Silencing HIF1α with shRNA successfully reduced multiple myeloma–induced new vessel formation and tumor burden (11, 23). In addition, inhibition of HIFα was proposed to target therapy-resistant stem cell–like phenotype in hematologic CSCs (83). Promising study in vivo demonstrated that HIF1α inhibition using echinomycin in lymphoma (61) and leukemia (63) stem cells, efficiently decreased tumor-initiating activity of these cells and improved survival of mice. It was also shown that blocking HIFα enhances the antiproliferative effect of lenalidomide (23) and melphalan (21).

Further studies are warranted to investigate the therapeutic applications of inhibition of HIFα in prevention of tumor progression, metastasis, and drug resistance in hematologic malignancies. Furthermore, the development of more specific small-molecule HIFα inhibitors is urgently needed in the field to test these therapeutic applications.

Tumor-hypoxia was shown to develop in correlation with the progression of hematologic malignancies and is associated with aggressive tumor behavior.
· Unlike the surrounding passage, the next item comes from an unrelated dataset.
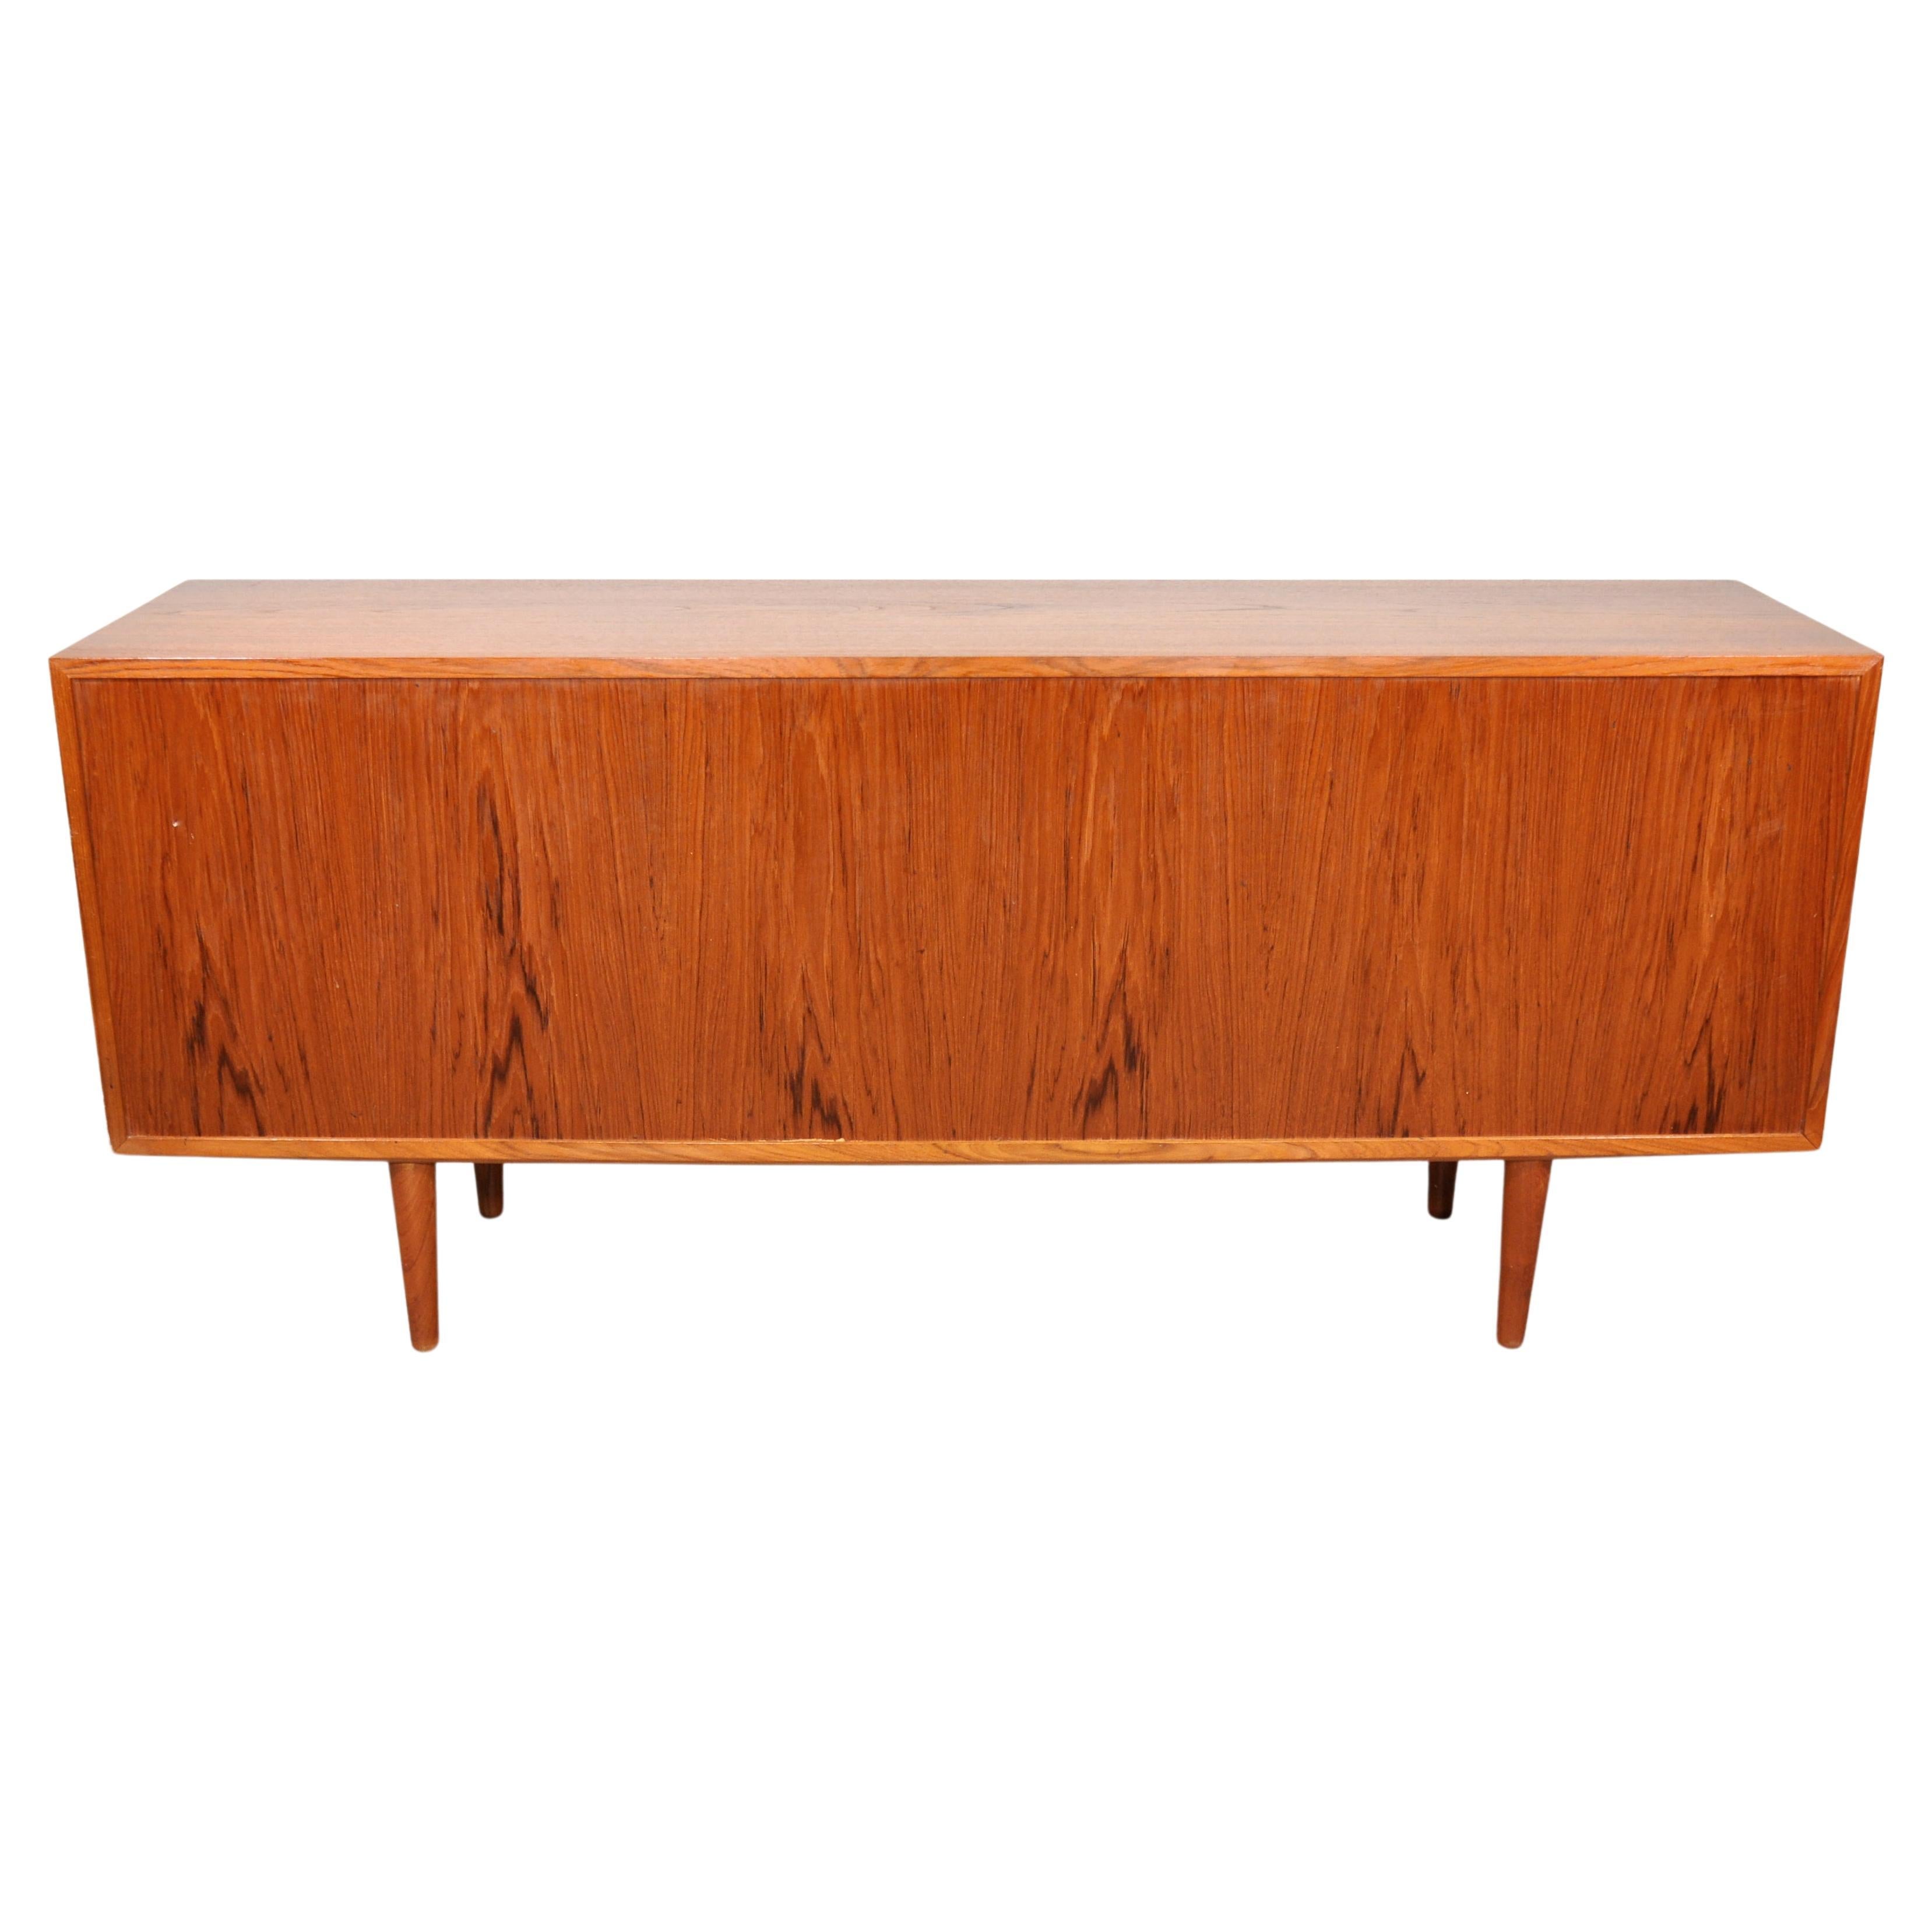 All original gorgeous Mid-Century Modern teak and maple cabinet from the 1960s. The vintage Danish sideboard features a pair of sliding doors, each with a sculpted teak handle, opening to a maple interior fitted with three adjustable shelves, a

Exploiting the distinctive features of hypoxia and hypoxia-regulated molecules in hematologic malignancies is a promising strategy to improve the treatment of hematologic malignancies; however, its full potential is yet to be determined. We hypothesize that targeting hypoxia in hematologic malignancies, especially in multiple myeloma and lymphoma, will improve the treatment in these diseases through inhibition of angiogenesis, metastasis, and drug resistance.

A.K. Azab reports receiving research funding from Selexys Pharmaceuticals, Verastem Inc., Karyopharm Therapeutics Inc., and Cellworks. No potential conflicts of interest were disclosed by other authors.